Free Particle Action

gulsen

I've recently started Feynman & Gibbs. I was sure exercises will be fun, but i can't enjoy myself when i fail solving the first one! Exercise 1-1 says: show that free particle action is

[tex]\frac{m}{2} \frac{x_b^2 - x_a^2}{t_b-t_a}[/tex]

I tried finding anti-derivative of [itex]\dot x^2[/itex], ended up with [itex]x\dot x - \int x d(\dot x)[/itex] via integration by parts. Couldn't do much about the integral. Of course, I know the solution, and can show it using Euler-Lagrange equations, [itex]x=vt[/itex] where [itex]v[/itex] is a constant (taking [itex]x_0=0[/itex]). I can "solve" the question by substituting [itex]x[/itex] in the action integral

[tex]S = \int_{t_a}^{t_b} \frac{m}{2}v^2 dt[/tex]

but i suppose this counts as cheating --kinda solving backwards.

Any ideas on how this kind of stuff can be solved?

smallphi

It's not cheating. The action have different values on different paths. The principle of least action claims that the actual path will extremize the action.

They want you to find the path that extremizes the action by using the usual Euler-Lagrange equations. You know the answer should be motion of constant velocity, x = xa + vt, where v = const = (xb-xa)/(tb-ta). Then you plug that in and evaluate the action on that path.

lightarrow

Shouldn't it be:

[tex]\frac{m}{2} \frac{(x_b - x_a)^2}{t_b-t_a}[/tex]The exercise asks you to find the action S. How S is defined? It's defined as

[tex]S = \int_{t_a}^{t_b} \L dt[/tex]

where L = T - V; T = kinetic energy and V = potential energy;

In this case, V = 0 and T = [tex] \frac{m}{2}v^2 [/tex] and to write kinetic energy you surely don't need Eulero-Lagrange equations, I hope, kinetic energy is defined in that way!

So:

[tex]S = \int_{t_a}^{t_b} \frac{m}{2}v^2 dt[/tex]

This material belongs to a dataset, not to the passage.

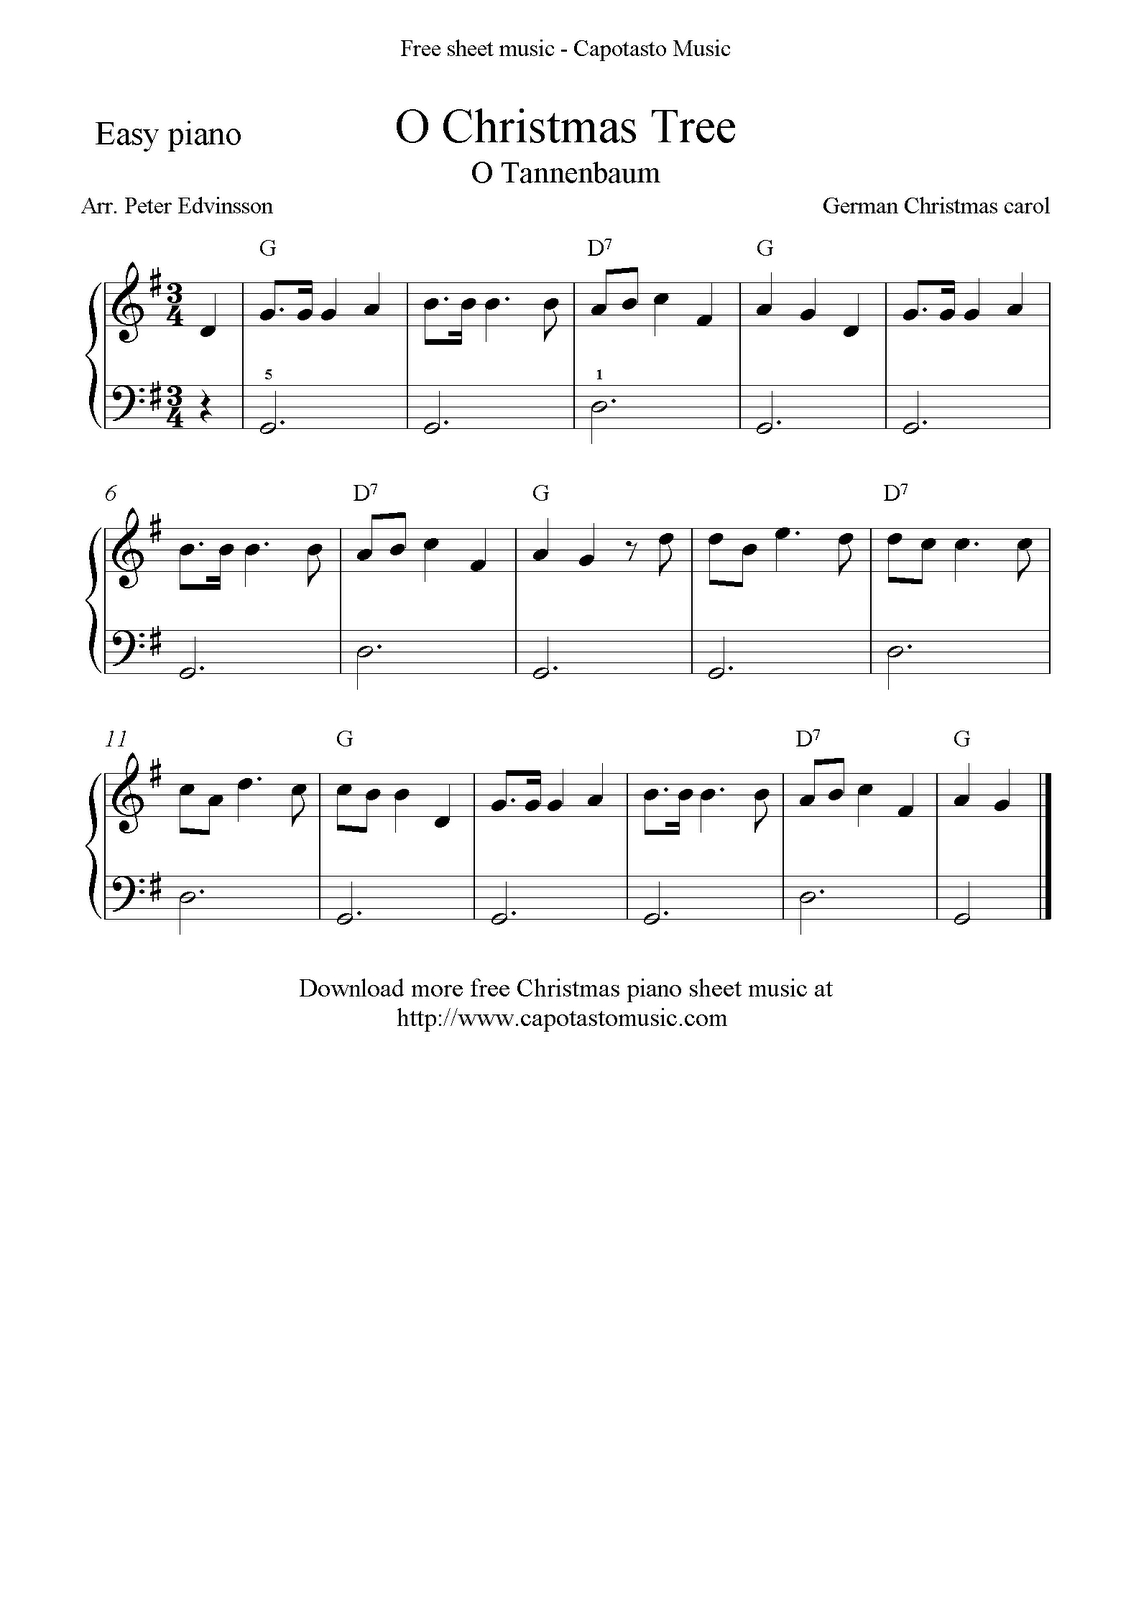 Free Christmas Sheet Music For Easy Piano Solo, O Christmas Tree - Free Christmas Piano Sheet Music For Beginners Printable

Where is the problem? Always start from definitions.

hunt_mat

This looks wrong but the equation of motion here is [tex]\ddot{x}=0[/tex], so:

[tex]
S=\frac{m}{2}\int_{t_{a}}^{t_{b}}\dot{x}^{2}dt=\left[ x\dot{x}\right]_{t_{a}}^{t_{b}}-\int_{t_{a}}^{t_{b}}x\ddot{x}dt
[/tex]

Now in second integral is zero by the equation of motion. Not too sure where to go from here.

RedX

Remember that [tex]\dot{x} [/tex] is the same at the initial time and final time, since [tex]\ddot{x}=0 [/tex].

So you get [tex]\left[ x\dot{x}\right]_{t_{a}}^{t_{b}}=\dot{x}(x_b-x_a)=\frac{(x_b-x_a)^2}{t_b-t_a} [/tex]

So you can check that the derivative of the action:

[tex]S=\frac{m}{2}\frac{(x_b-x_a)^2}{t_b-t_a} [/tex]

with respect to x_b equals momentum, and with respect to time equals negative energy (which in this case is just kinetic).